The aim of this study was to investigate the drug release from swellable chitospheres laden with pristine polymethylmethacrylate (PMMA) nanoparticles. Chitosan matrices were prepared by sodium tripolyphosphate crosslinking from a chitosan suspension containing the model BCS class II drug, indomethacin. PMMA particles were added to the chitospheres as the modulator for drug release. Swelling and erosion studies in conjunction with textural profiling provided an understanding of the dominant and underlying drug release mechanisms of the ionically crosslinked chitospheres loaded with the pristine PMMA particles.
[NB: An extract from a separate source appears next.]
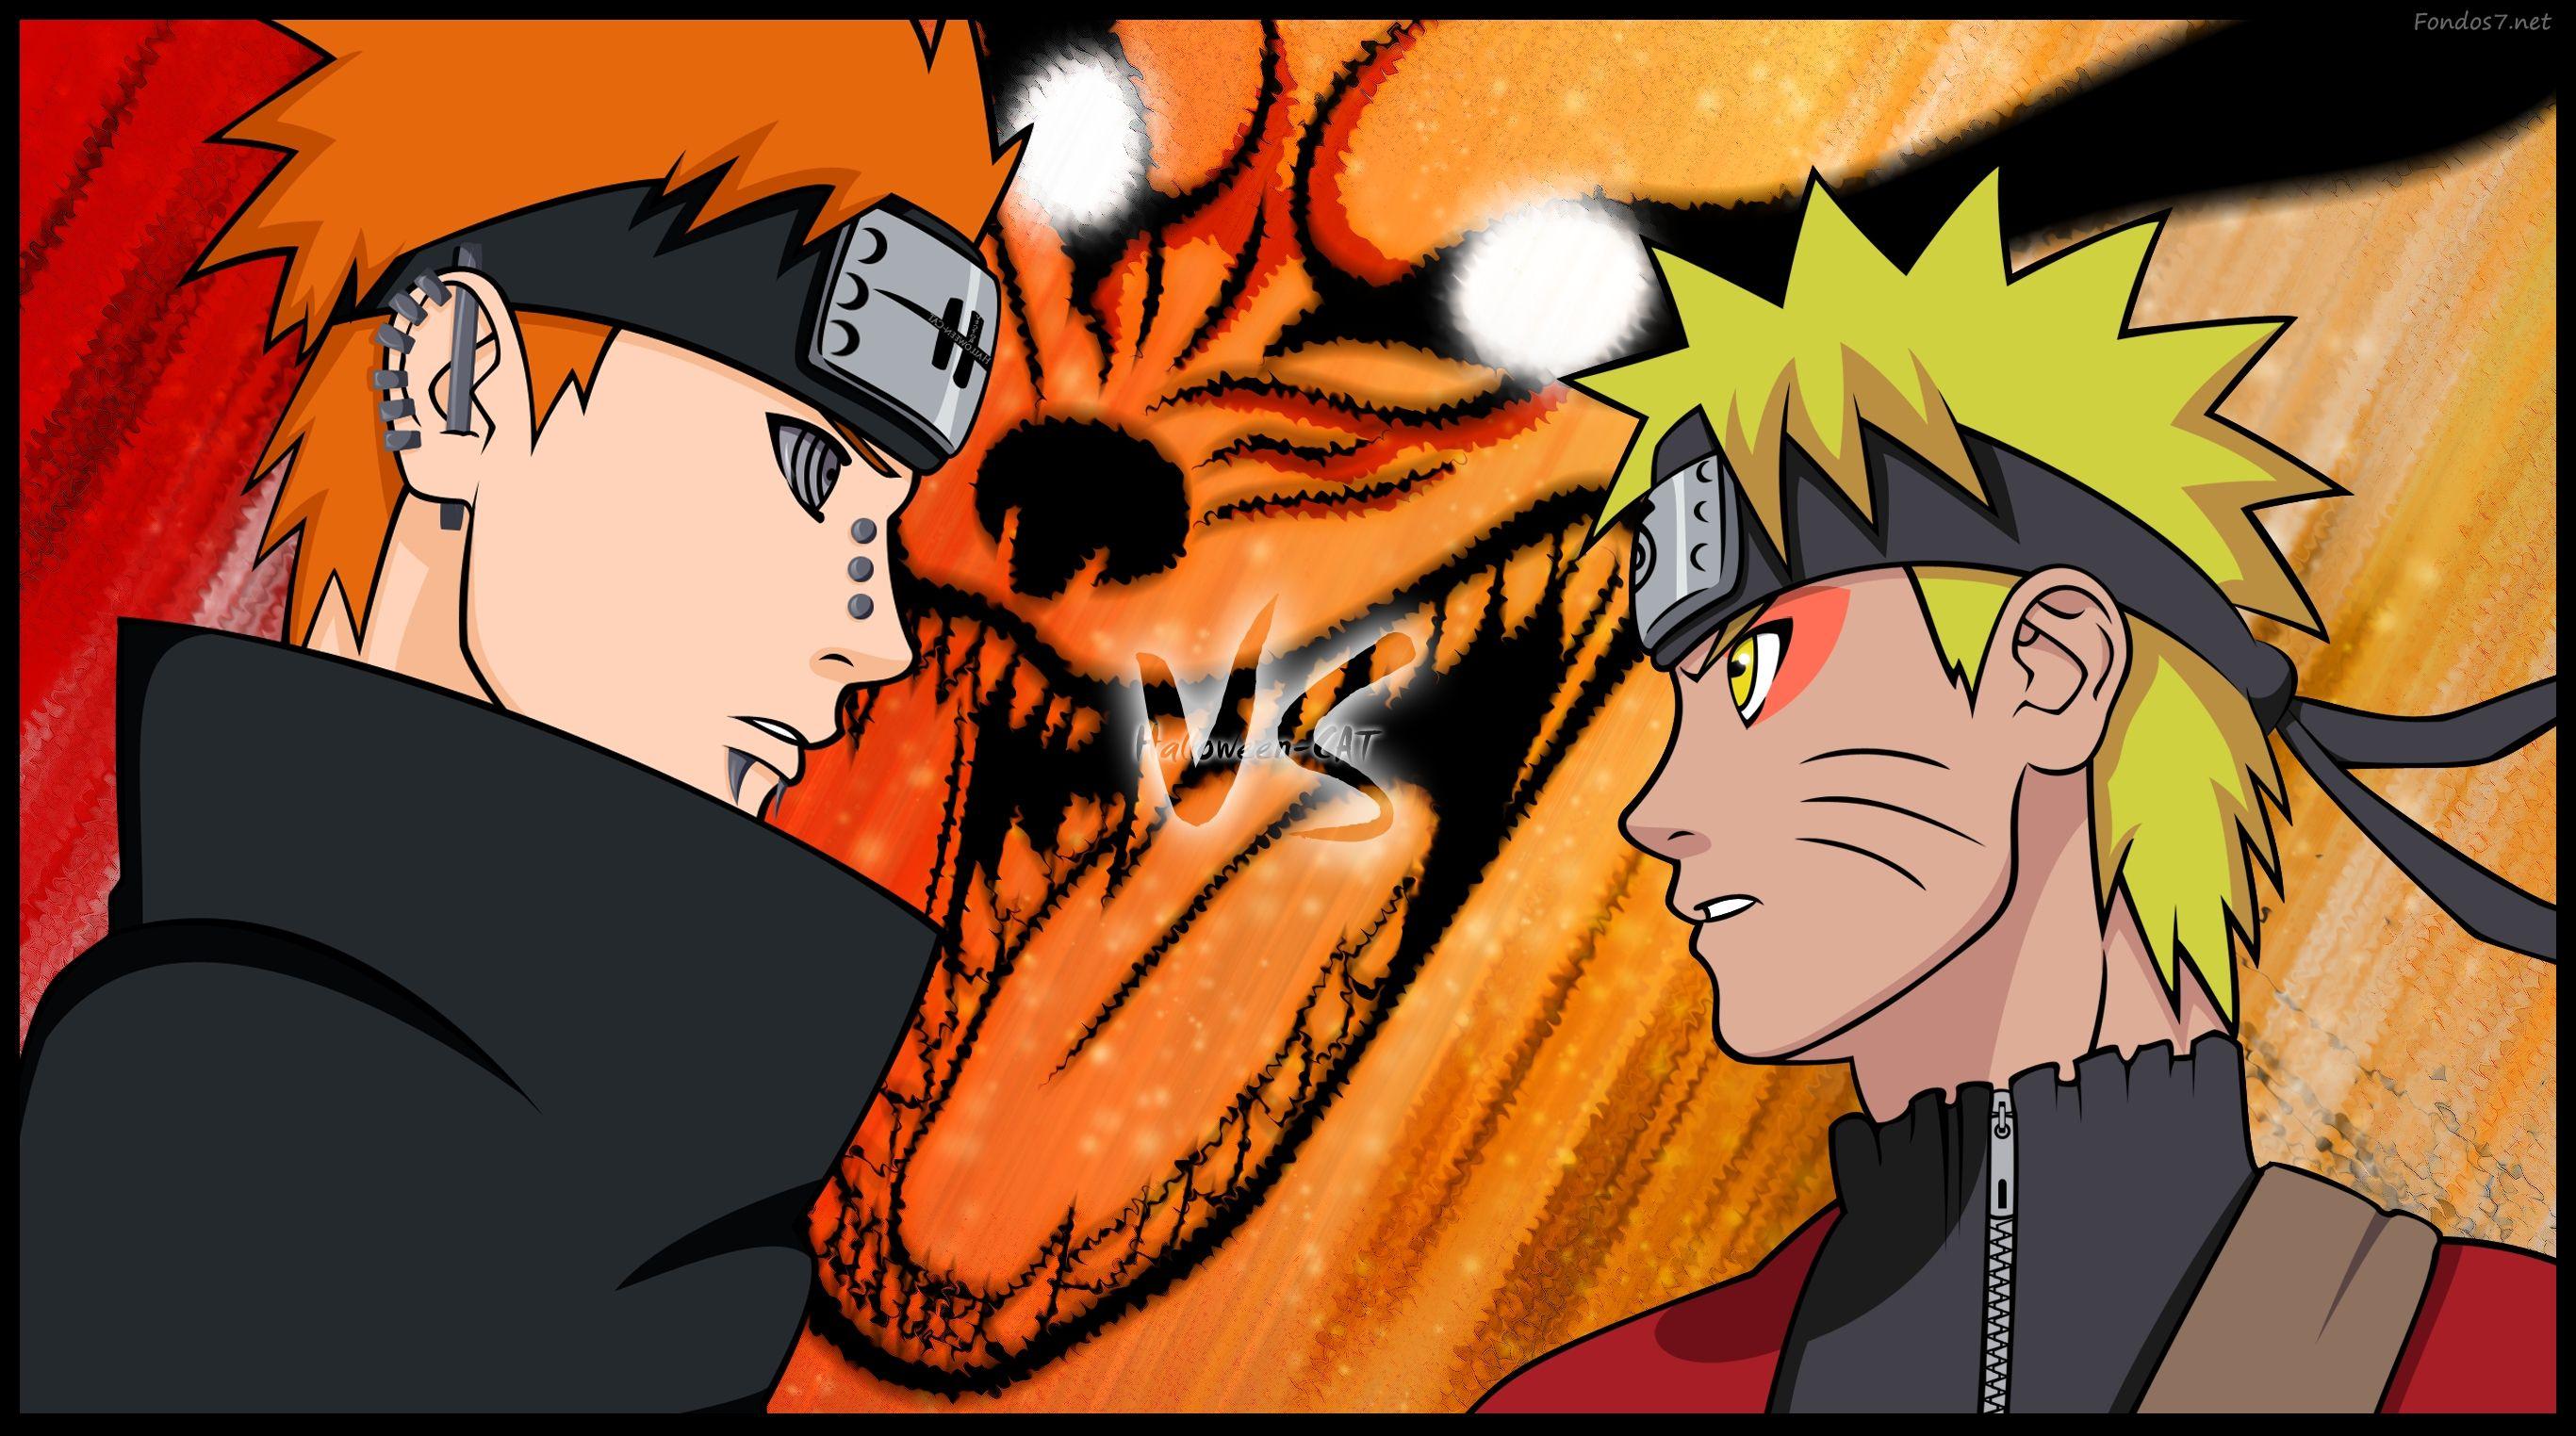 Unduh 85+ Wallpaper Naruto Gratis Gratis Terbaru
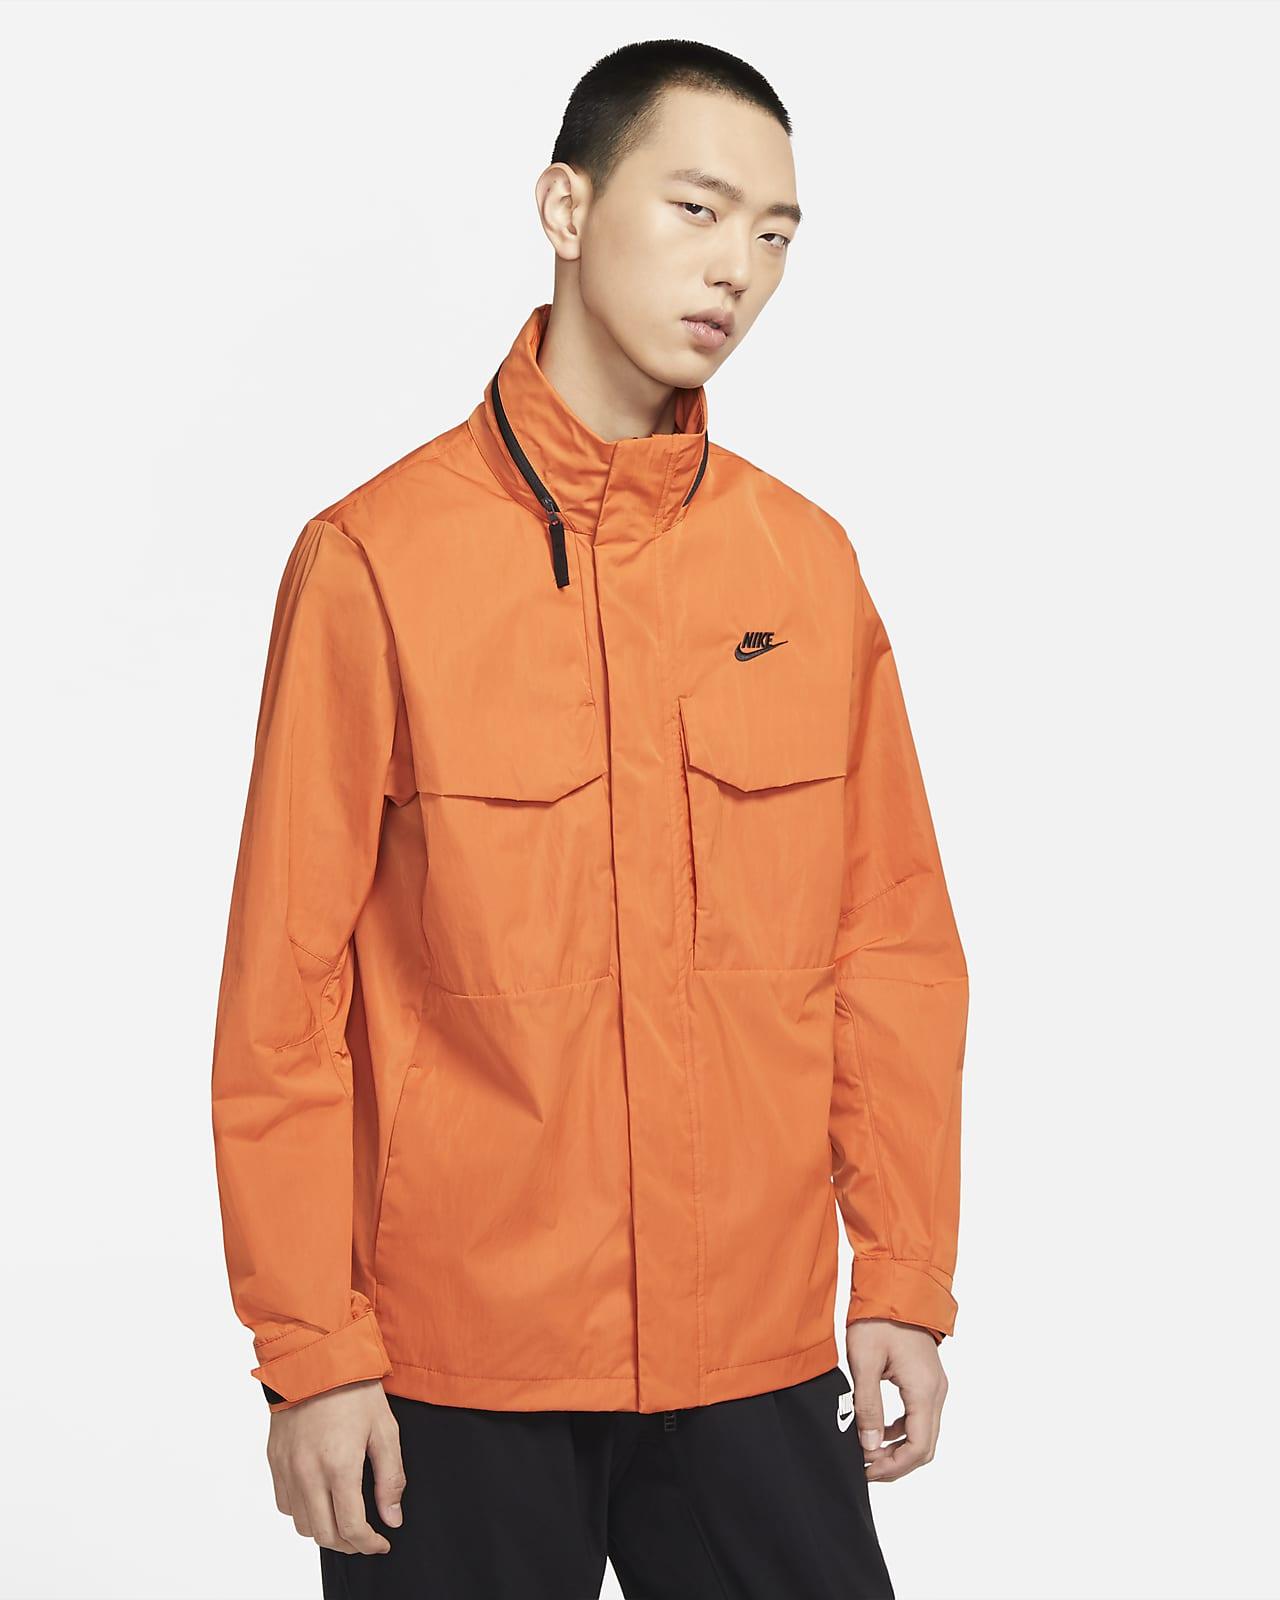 Nike Sportswear Premium Essentials M65 Unlined 男子连帽夹克

A series of drug release studies performed in PBS pH 7.4 showed that the pristine particle-loaded chitospheres released indomethacin over 144 h in a first-order manner with 50% drug release occurring over 48 h. The study also revealed that in situ porogen leaching for pore creation and polyelectrolyte complex formation were the main mechanisms of release from the chitospheres. The results of this study may be utilized for the development of neuro-implants for controlled delivery of bioactives to the brain where scaffolds of superior mechanical strength and reduced swelling properties are required.

A review of bioactive release from nerve conduits as a neurotherapeutic strategy for neuronal growth in peripheral nerve injury.

Peripheral nerve regeneration strategies employ the use of polymeric engineered nerve conduits encompassed with components of a delivery system. This allows for the controlled and sustained release of neurotrophic growth factors for the enhancement of the innate regenerative capacity of the injured nerves. This review article focuses on the delivery of neurotrophic factors (NTFs) and the importance of the parameters that control release kinetics in the delivery of optimal quantities of NTFs for improved therapeutic effect and prevention of dose dumping. Studies utilizing various controlled-release strategies, in attempt to obtain ideal release kinetics, have been reviewed in this paper. Release strategies discussed include affinity-based models, crosslinking techniques, and layer-by-layer technologies. Currently available synthetic hollow nerve conduits, an alternative to the nerve autografts, have proven to be successful in the bridging and regeneration of primarily the short transected nerve gaps in several patient cases. However, current research emphasizes on the development of more advanced nerve conduits able to simulate the effectiveness of the autograft which includes, in particular, the ability to deliver growth factors.